Programme d'assurance qualité nucléaire : L'ensemble du cycle de vie – de la conception à la livraison, en passant par l'approvisionnement en matériaux, la fabrication et les essais – doit respecter un programme d'assurance qualité nucléaire (généralement basé sur la norme HAF 003 ou l'annexe B de la norme 10 CFR 50), garantissant un contrôle et une traçabilité complets du processus.

Qualification et certification : Le transformateur doit réussir les essais de type et les essais de qualification sismique réalisés par un organisme reconnu par l’autorité nationale de sûreté nucléaire (par exemple, la NNSA en Chine) afin de démontrer sa conformité aux normes de classe 1E. Cette qualification constitue son autorisation de mise sur le marché.

  1. Conception et essais de performances spécifiques

Résistance au vieillissement par rayonnement : en particulier pour les transformateurs de catégorie K1, les matériaux d’isolation et les composants structurels doivent être évalués afin de garantir l’absence de dégradation significative des performances sous la dose de rayonnement prévue au cours de leur durée de vie.

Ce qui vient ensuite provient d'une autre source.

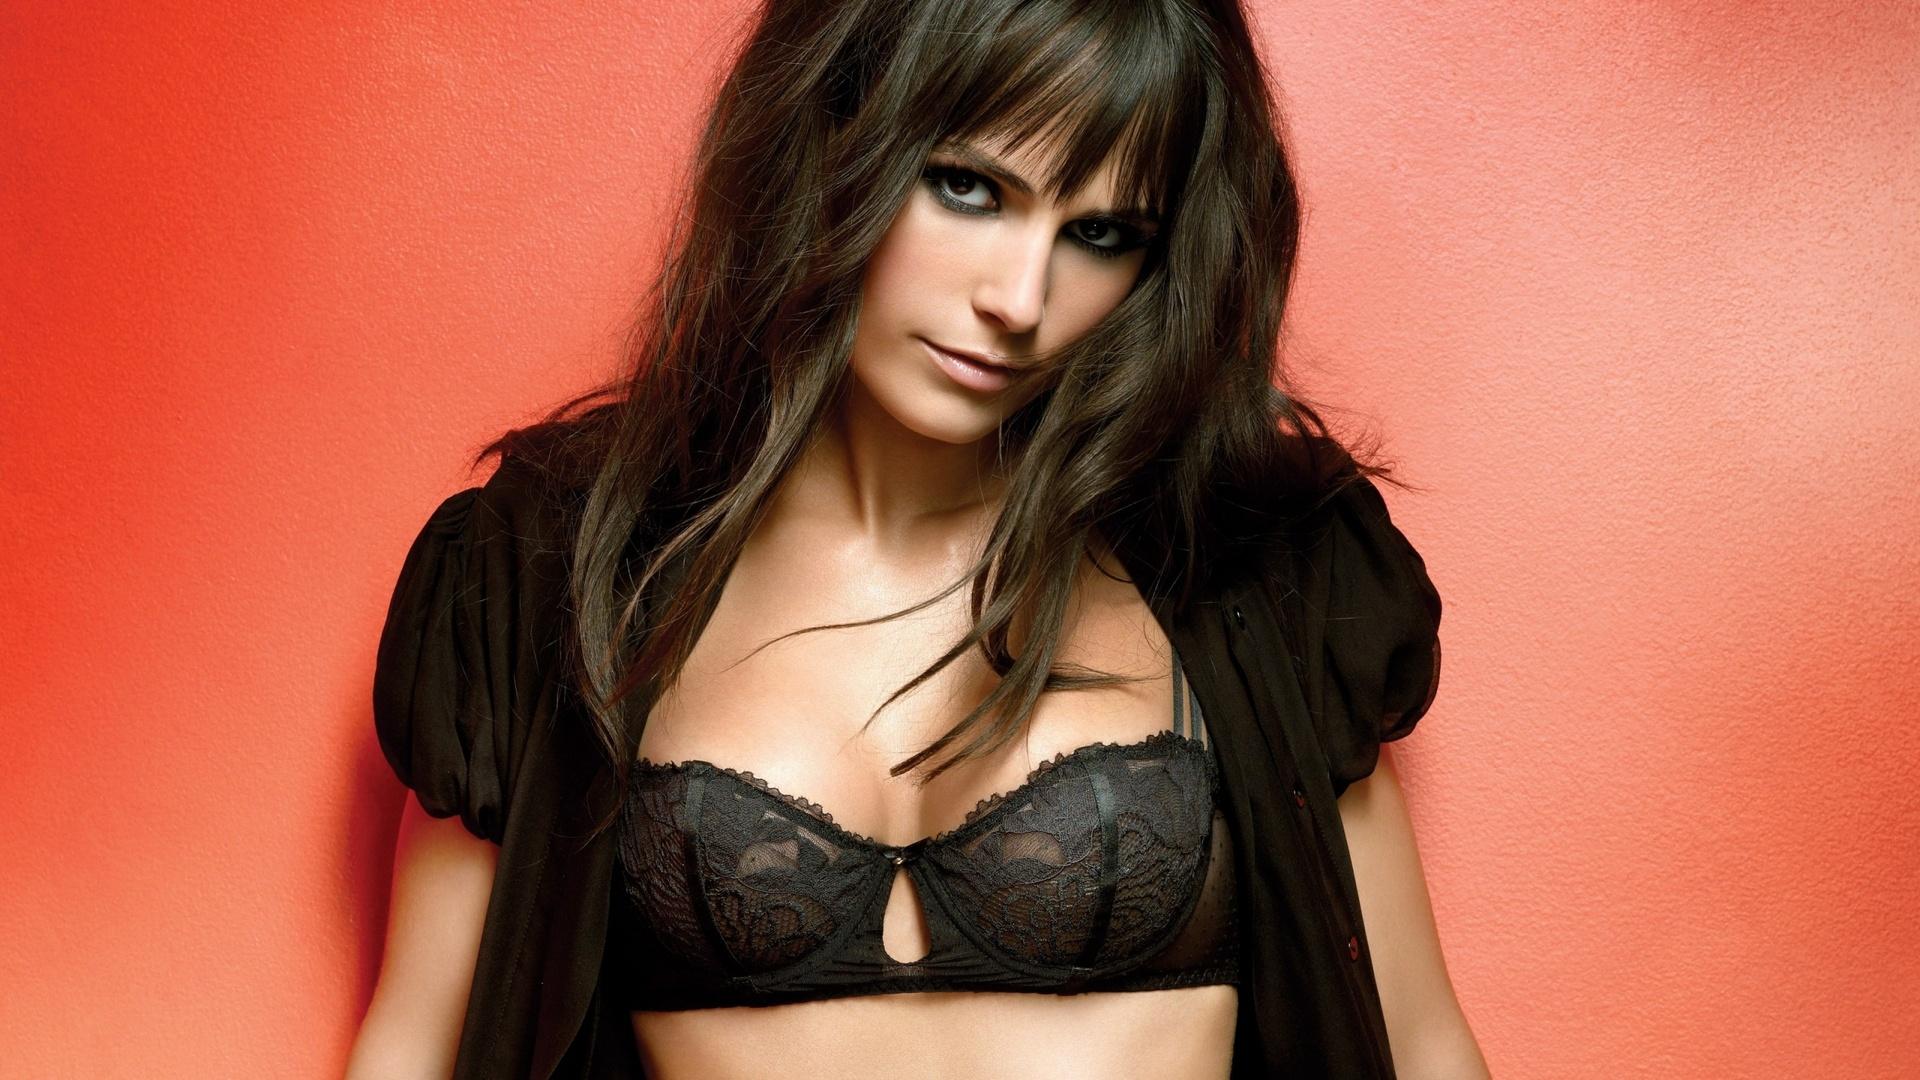 Jordana Brewster Hot Picture

Tests de routine et de type rigoureux : outre les tests standard (rapport, résistance, pertes à vide/en charge, diélectrique, niveau sonore, etc.), des tests spéciaux sont obligatoires, tels que :

Mesure des décharges partielles : les exigences sont exceptionnellement strictes, exigeant généralement des niveaux inférieurs à 5-10 pC, afin de garantir la fiabilité de l’isolation à long terme.

Essais de tension d'impulsion (impulsion de foudre et de commutation).